Нос Честера ткнулся в колени Гэйба. Пес тихонько взвизгнул, как будто выражая недовольство договоренностью хозяев.
12
Вторая ночь
Пришла ночь, и дождь все так же колотился в окна. Тяжелые облака скрывали ущербную луну.
Эва лежала рядом с Гэйбом, не в силах заснуть, прислушиваясь к его тихому похрапыванию, — этот звук скорее успокаивал, нежели раздражал. Ей хотелось повернуться и положить руку на бедро мужа, но она побоялась его разбудить. Гэйб устал, он слишком много работал все утро и весь день, когда они вместе заканчивали распаковывать вещи, передвигал мебель, чтобы в комнате, которую они выбрали для себя, стало как можно более уютно, а в качестве перерыва они отправились в поход в деревню. Подъем вверх по склону под дождем был довольно утомительным. Девочки за соседней дверью моментально заснули — их сегодня отправили в постель раньше обычного, но они ни словом не выразили недовольства.

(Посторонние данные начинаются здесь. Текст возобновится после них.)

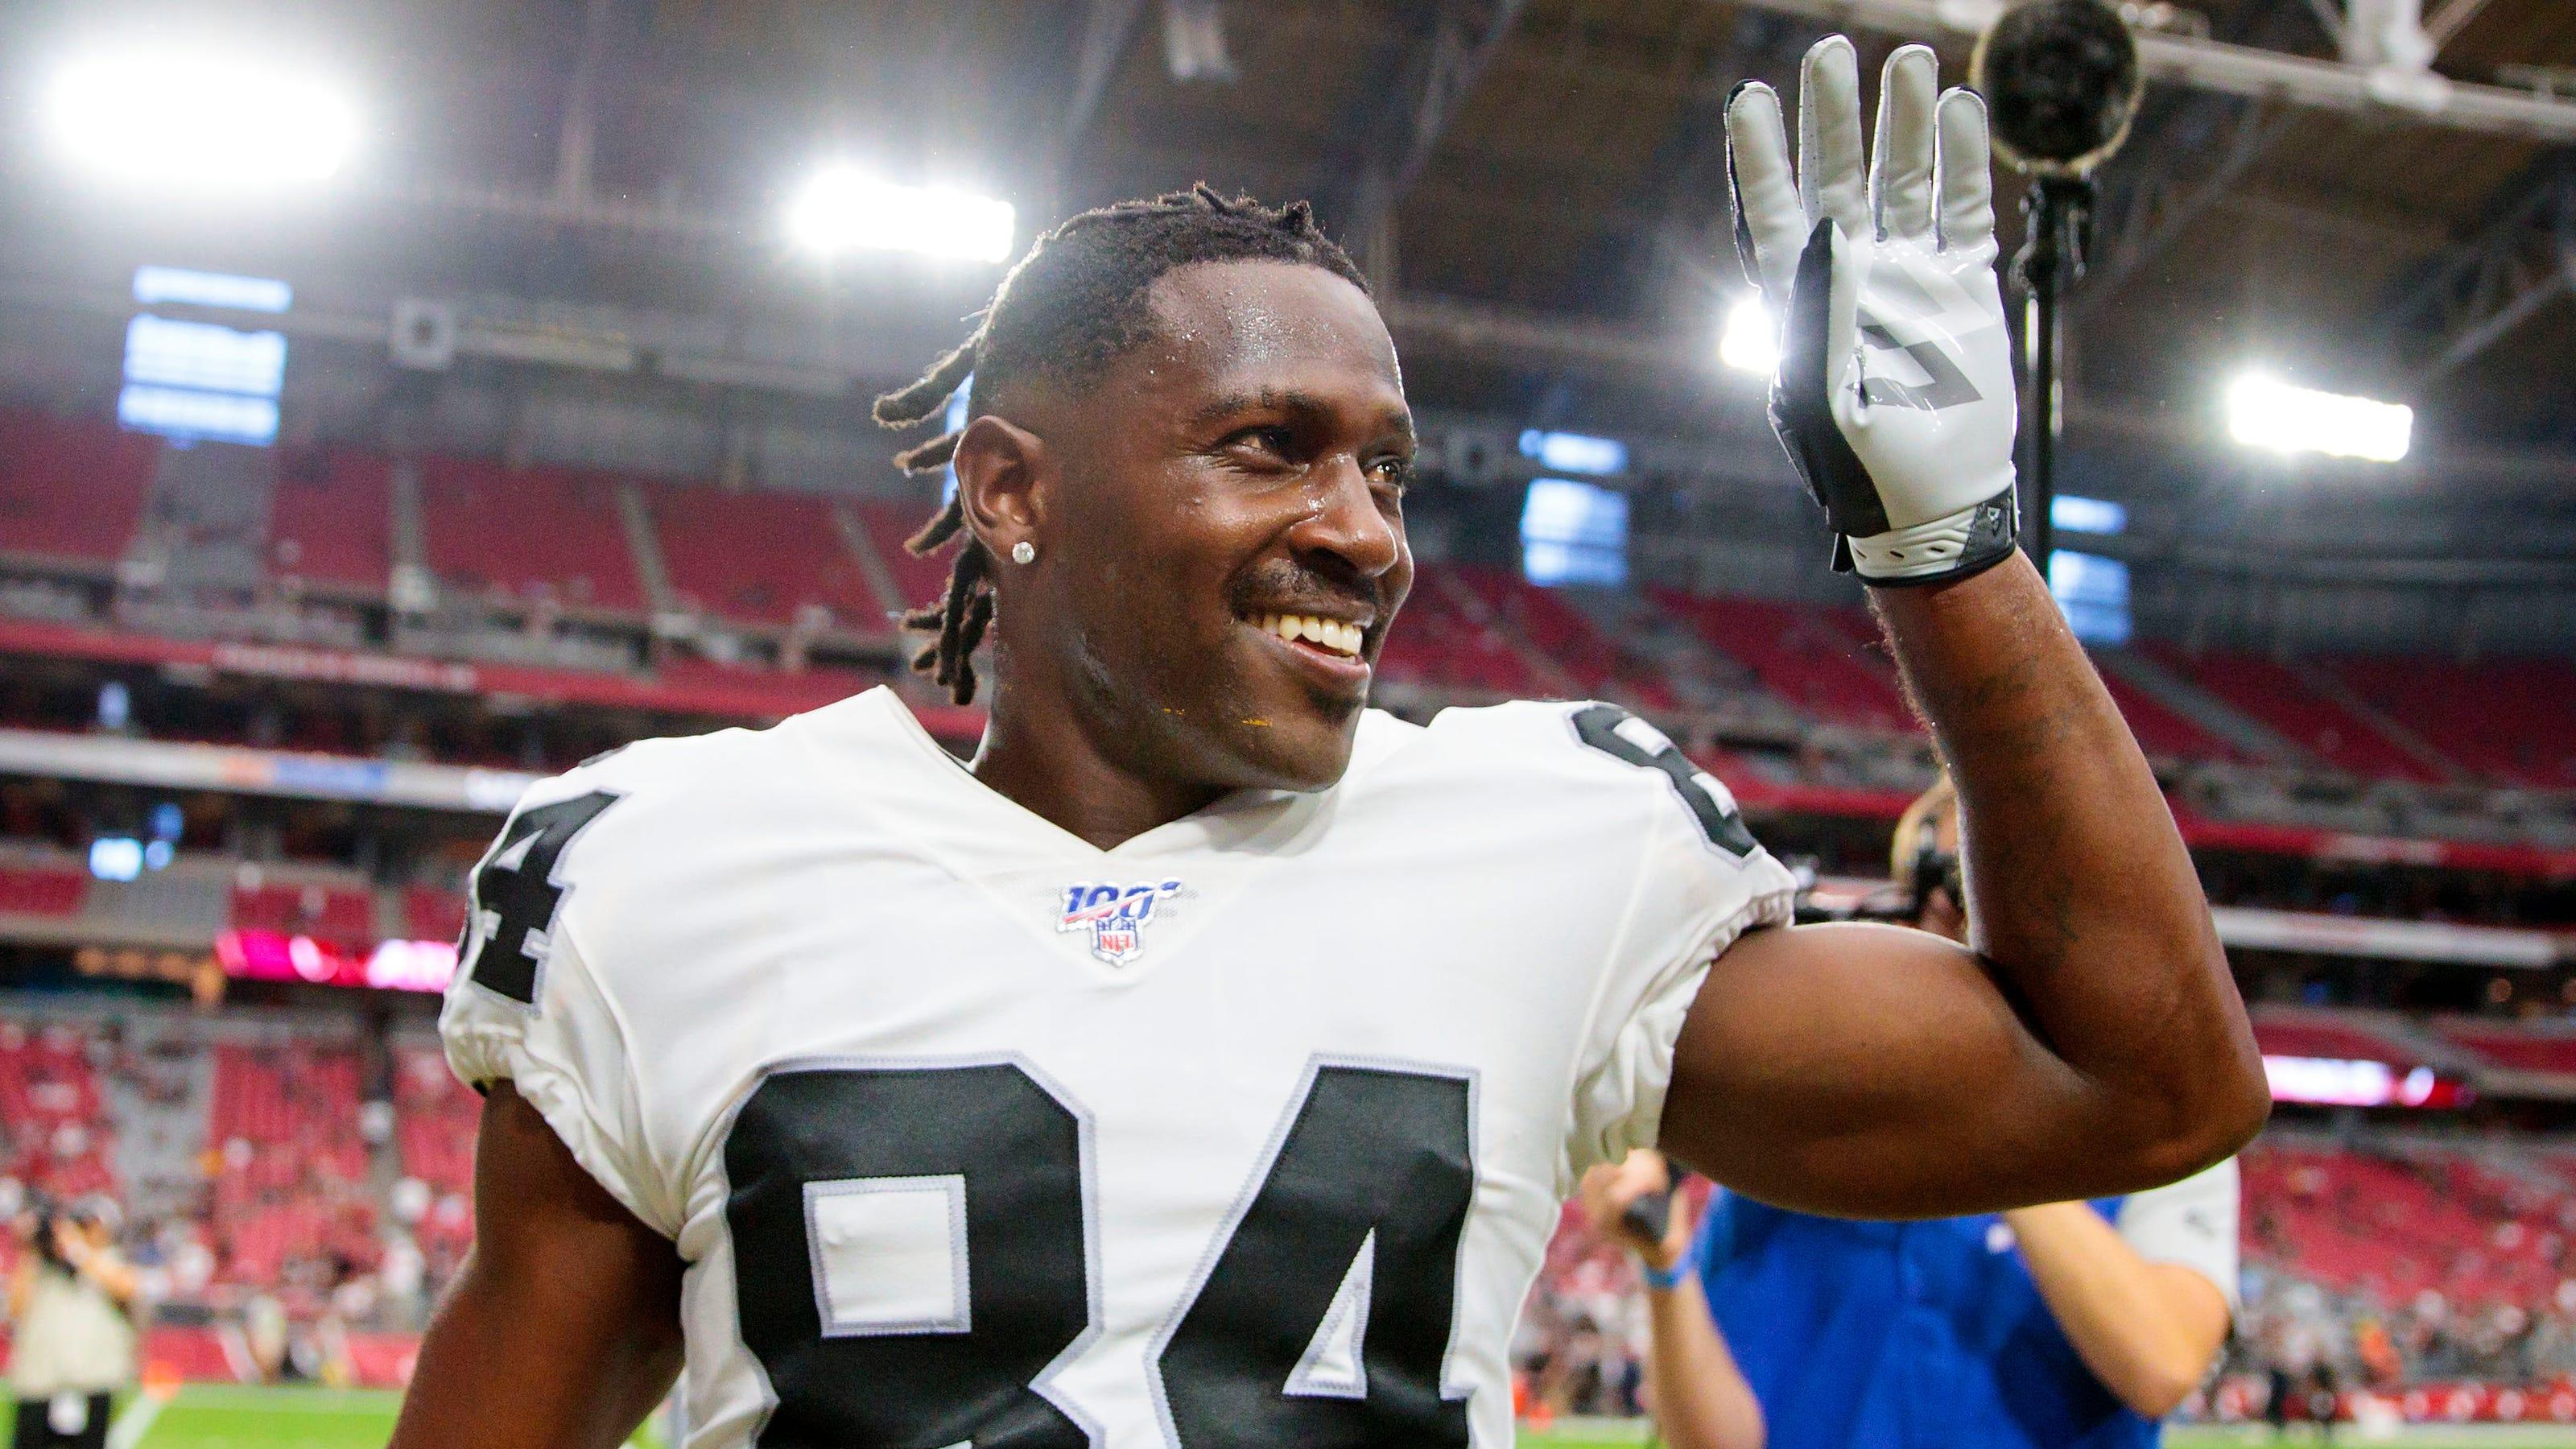 Antonio Brown Fans Make Bill Belichick Jokes After Raiders Release Wr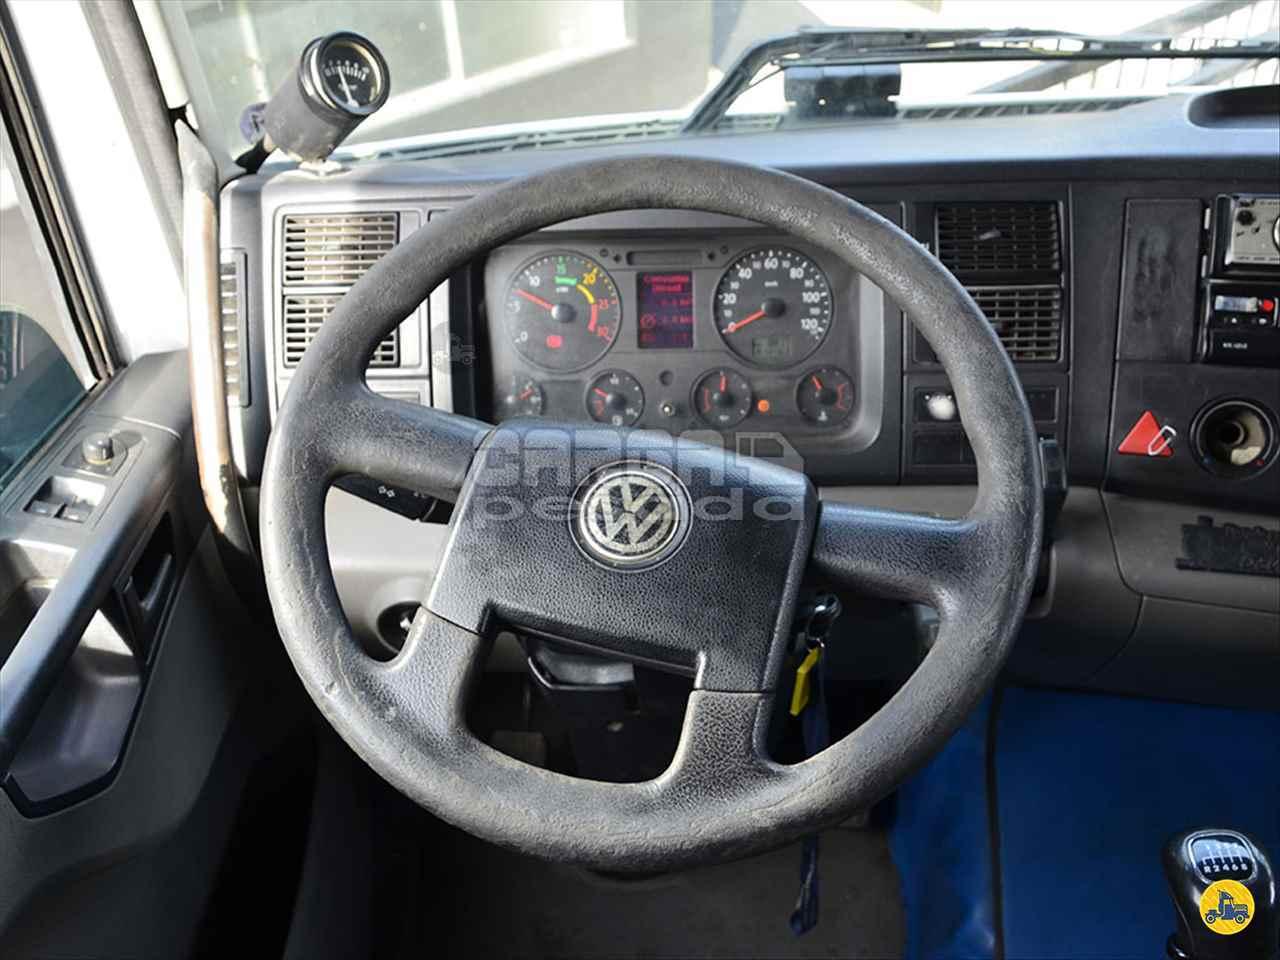 VOLKSWAGEN VW 19320  2008/2008 Carga Pesada Caminhões

Было уже далеко за полночь, но Эва все еще не спала, несмотря на то что устала до изнеможения. Она ненавидела такие вот ночи, когда ее измученный ум не давал ей спать. Она знала, что ей следовало бы принять снотворное, но, принимая эти таблетки много месяцев подряд, ей хотелось понемногу отвыкнуть от них. Однако ужасные мысли преследовали ее.
Гэйб всегда был терпелив, всегда утешал ее в моменты наиболее глубокого уныния, никогда не позволяя себе ни малейшей слабости… по крайней мере, никогда не жаловался на сердечную боль, которую, как она прекрасно знала, Гэйб испытывал. Но ведь супруг привык скрывать свои чувства уже в очень раннем возрасте. Когда они впервые встретились, когда он дерзко подошел к ней в фешенебельном баре в Ноттинг-Хилле, куда постоянно забегали Эва и ее друзья из редакции журнала, он выглядел оживленным, бодрым, уверенным в себе. Позже, когда они уже гораздо лучше узнали друг друга, когда поняли, что влюблены, — так быстро, это случилось так быстро! — он открылся Эве, сказав, что боялся до дрожи, до полного идиотизма, когда знакомился с ней тем вечером, боялся отказа, боялся, что она просто повернется к нему спиной. Гэйб никогда не осознавал того впечатления, которое производил на большинство женщин. Иногда, при определенном освещении или если посмотреть на него под определенным углом, Гэйб был просто прекрасен — с небесно-голубыми глазами, песочного цвета волосами — ни слишком светлыми, ни каштановыми, — атлетически сложенный, как будто постоянно готовый к прыжку… В те дни он еще обладал природной, естественной агрессивностью, едва прикрытой поверхностным спокойствием. Это было результатом его странного детства.
Гэйб вырос в небольшом городке Гэйлсбурге, в штате Иллинойс, и никогда не видел своего папашу, разъездного агента, торговавшего фармацевтическими товарами, который, узнав, что его подружка забеременела, исчез из поля ее зрения. Отца звали Джейк, и это было почти все, что Гэйб знал о нем, кроме его профессии. Ах да, еще удалось выяснить, что Джейк — игрок, пьяница и вообще мешок с дерьмом, и, как нередко повторяла мать Гэйба, у него имелась подружка в каждом городе, куда его заносило попутным ветром.
Ирэна Калег, мать Гэйба, любила выпить и вела беспутную жизнь, зарабатывая древней профессией. Уже к одиннадцати годам Гэйб понимал значение слов «девка» и «шлюха», потому что так называли его мать мужчины, остававшиеся в их доме. Иногда эти мужчины — «дядюшки», так мать велела Гэйбу именовать их, — вместе с Ирэной отправлялись в какой-нибудь из близлежащих баров, и тогда мать возвращалась в ветхую меблированную комнату, служившую им домом, совсем поздно. Но нередко очередной «друг» приносил с собой несколько бутылок спиртного (Гэйб называл его «индейским самогоном»), и тогда мальчику предлагалось подождать на лестнице и «не шуметь там». Старая кровать, которую он делил с матерью, оказывалась «занята» на весь вечер.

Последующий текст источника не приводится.